In the proposed framework, we assume that the scene is static, and a nonlinear state equation is defined by ${\mathbf{x}}_{k+1}=f({\mathbf{x}}_{k},{\mathbf{n}}_{k})$. Here ${\mathbf{n}}_{k}$ is a system noise vector and is assumed to be a zero vector in the proposed framework. For feature points ${\mathbf{y}}_{mk}$, the $m$’th feature point of the $k$’th frame, we define a measurement model as follows:

## Eq. (8)

$${\mathbf{y}}_{mk}=[P({\overline{\mathbf{x}}}_{k}){\mathbf{z}}_{m}]+{\mathbf{n}}_{mk}=\mathbf{K}[{\overline{\mathbf{R}}}_{k}^{n}|{\overline{\mathbf{t}}}_{k}^{n}]{\mathbf{z}}_{m}+{\mathbf{n}}_{mk}=\left[\begin{array}{c}{x}_{mk}\\ {y}_{mk}\end{array}\right]+{\mathbf{n}}_{mk}.$$Here, ${\mathbf{n}}_{mk}\in {R}^{2M}$ is a noise vector for the $m$’th feature point of the $k$’th frame, and its covariance matrix is given as follows:

## Eq. (9)

$${\mathbf{R}}_{k}={\mathbf{R}}_{p}+{\sigma}_{xk}^{2}={\mathbf{R}}_{p}+\mathrm{Cov}[P({\overline{\mathbf{x}}}_{k}){\mathbf{z}}_{m}].$$In Eq. (9), ${\mathbf{R}}_{p}$ is due to the image pixel noise and can be assumed to be very small. ${\sigma}_{xk}^{2}$ represents the uncertainty of current camera state ${\mathbf{x}}_{k}$. This measurement noise covariance is computed for every frame $k$ by projecting each feature point ${\mathbf{z}}_{m}$ into the camera particles.

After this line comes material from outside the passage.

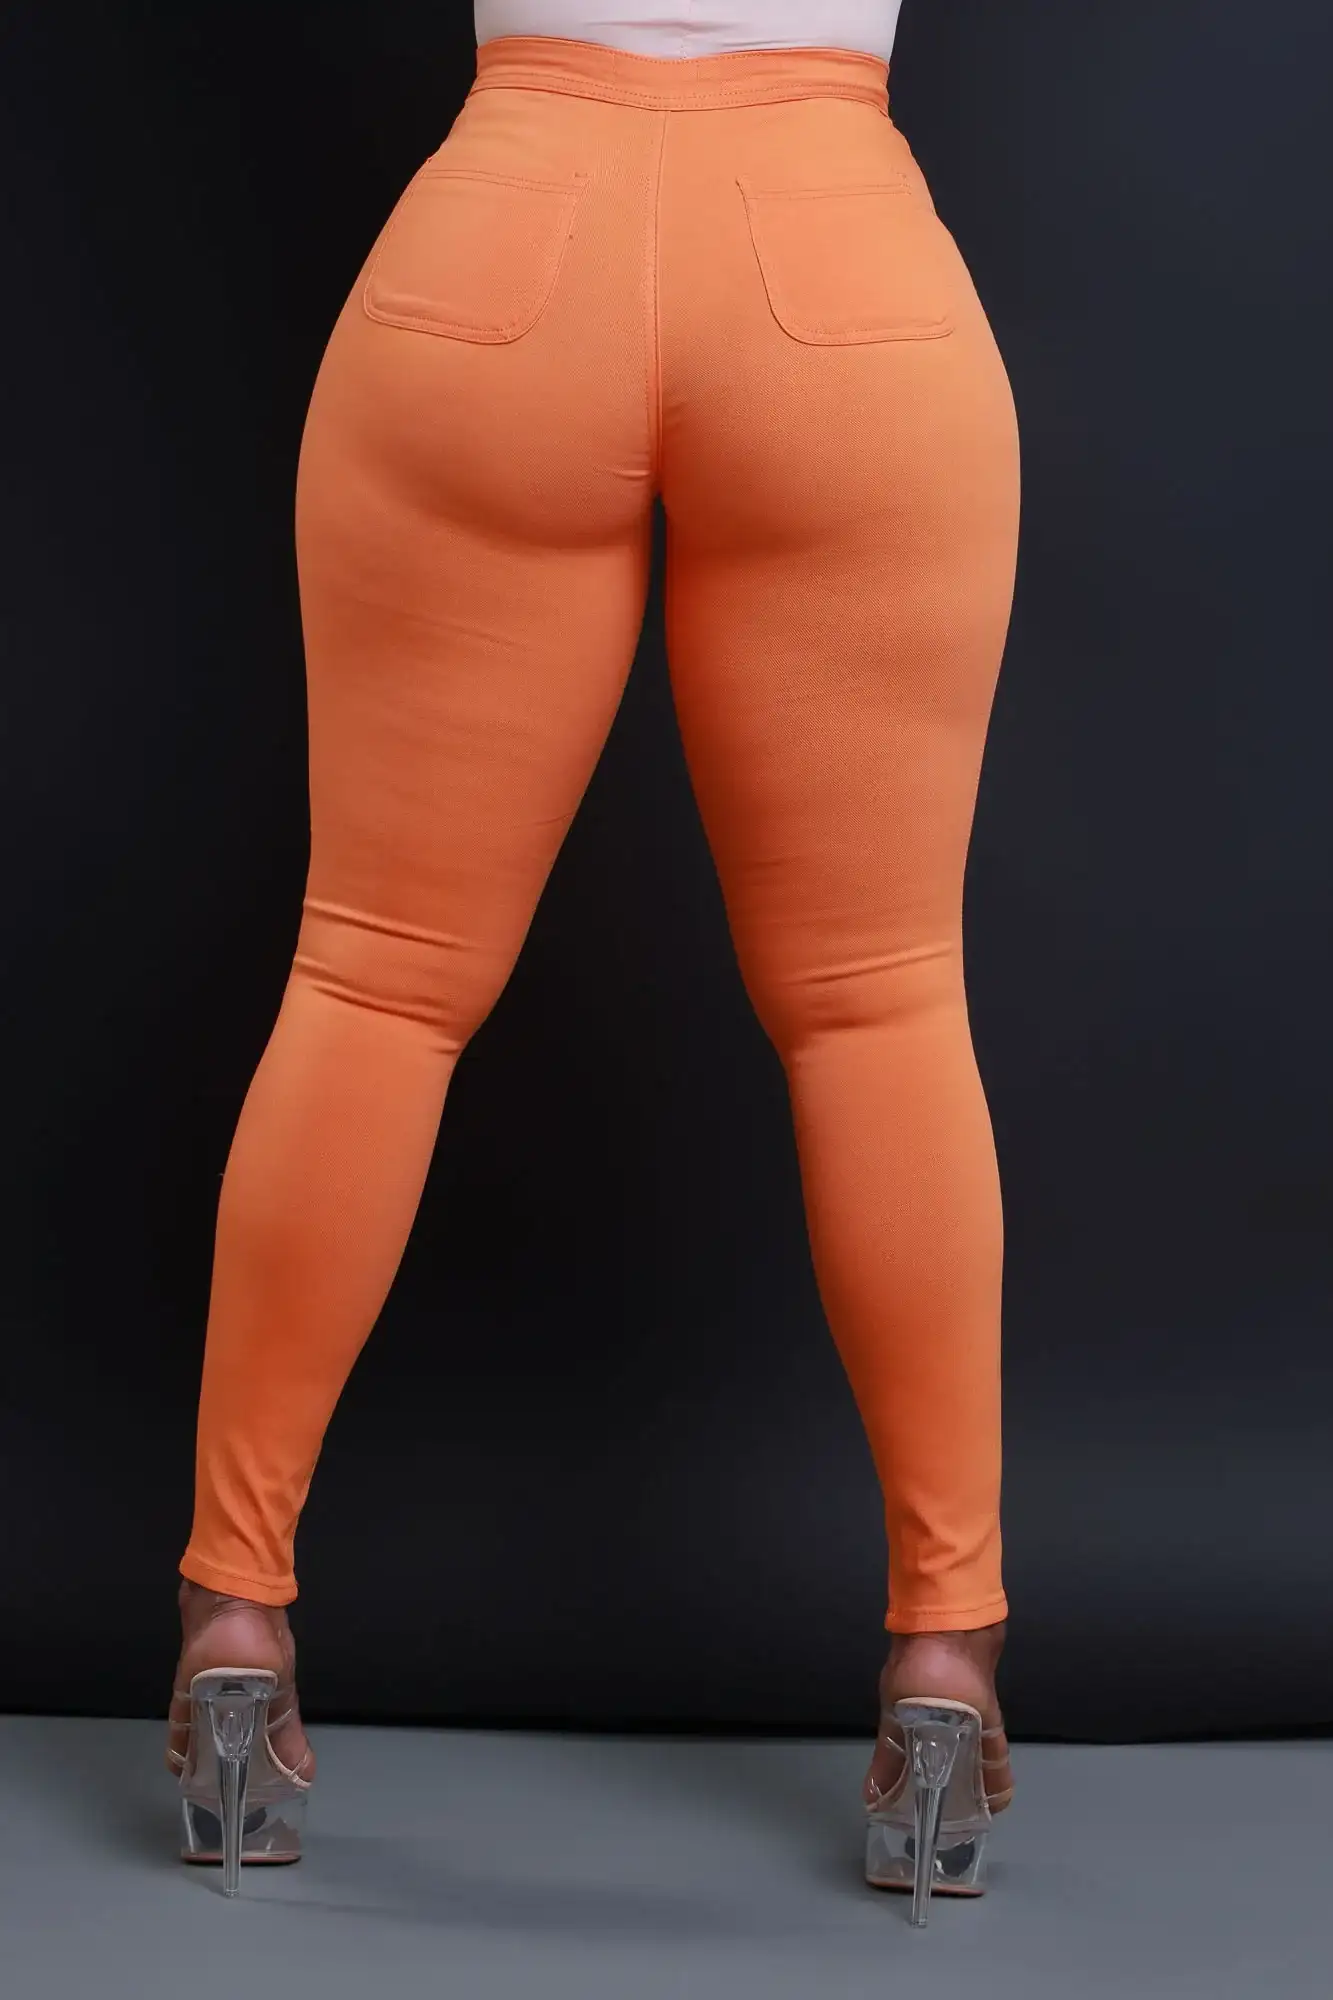 Image of \\$15.99 Super Swank High Waist Stretchy Jeans - Orange

If the feature tracking is accurate, the estimated feature coordinate will be coincident with the real feature location. In this case, feature projections into the camera particles distribute near the correct feature point, and they constitute a Gaussian distribution. In the case of a wrong feature, however, the projection point is not likely to be located near the correct point, and its probability tends to approach zero. Any features that do not converge rapidly to the correct position are regarded as wrong features and removed from the map.

## 3.5.

### Predictive Warping of Feature Template

As described in the previous section, new feature templates are detected by using the FAST corner detection operator from the images obtained from the camera.^{29}^{,}^{30} Then the template matching attempts to identify the same feature template from subsequent image frames. However, straightforward template matching may be limited under unpredictable camera motions, as even by a small change of camera pose the appearance of a template can be greatly changed. In order to minimize this problem, we propose a template prediction method. A similar approach is introduced in Ref. 2, but our method is quite different in that every estimate required for the predictive template warping can be obtained from the feature estimators, so that the template prediction is maintained without additional framework for template state estimation. We assume that each feature template lies on a small planar surface in the 3-D scene space. Since we are not given any prior knowledge on the orientation of this surface, it is also assumed that the surface normal is parallel to the projection ray that passes through the feature and the camera center at the initialization step. Once the 3-D coordinate and the depth are initialized by the scheme described in the previous section, each feature template is then stored in the form of a small planar patch. When a feature is tracked in the subsequent camera images, the feature template can be projected from the 3-D scene space to the image plane to produce a warped template for matching with the current image.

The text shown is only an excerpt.